全然食欲が湧かなくて、食事を前に座っているだけの時間になってしまう。
「……お前も食べたくない?」
ジンシーバは起きているようだったが、ちらりとこちらを見上げただけですぐに目を伏せてしまった。
「…わかる…」
イオンは膝の上のドラゴンを撫でながらため息を溢した。
しっかりしなきゃと思うけど、どうにも全てが重たく感じてしまう。
味のしない食事を義務感だけで詰め込みながら、レンシアはちゃんと食べているだろうかなどと考える。

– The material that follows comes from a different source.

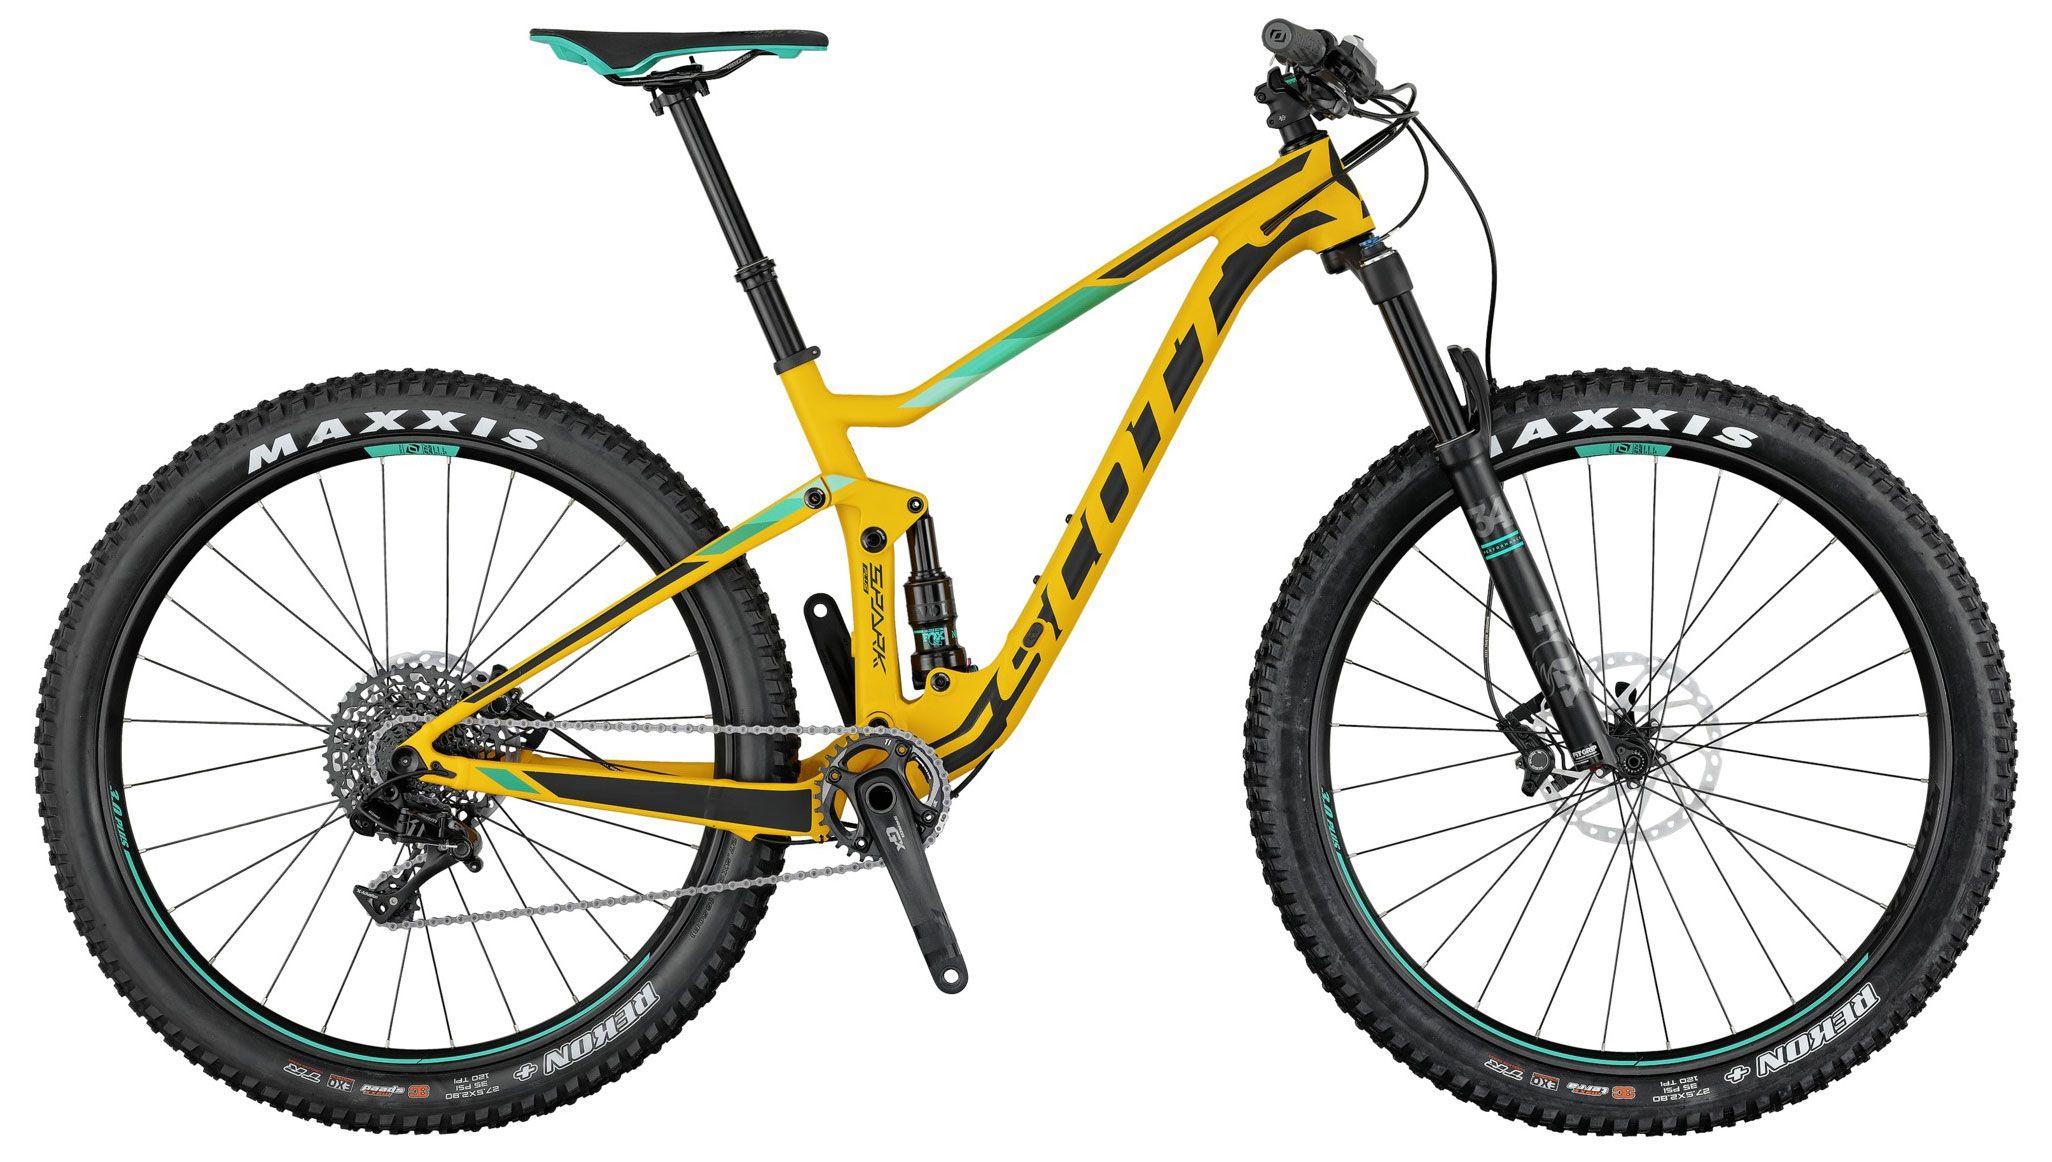 Велосипед Scott Spark 720 Plus 2017,  Двухподвесы  - артикул:276060

牢に入っているであろう彼のことを思うと泣きそうになって、
イオンは1人で首を横に振って考えないようにした。
「…イオン!おはよう…」
後ろから声をかけられて顔を上げると、イヴィトだった。
彼はイオンの酷い顔を見ると苦笑している。
「……あんまり寝られとらんみたいやな…、無理もないか…」
イヴィトは向かいに座る。
「…さっきサヴァトーラ先輩の所に行ってきたんだ……
レンシアさんとこのまま離れたままだとジンシーバは石に戻るかもしれないって…」
「そっか…」
イヴィトは頷きながらも、心配そうな視線をドラゴンに送った。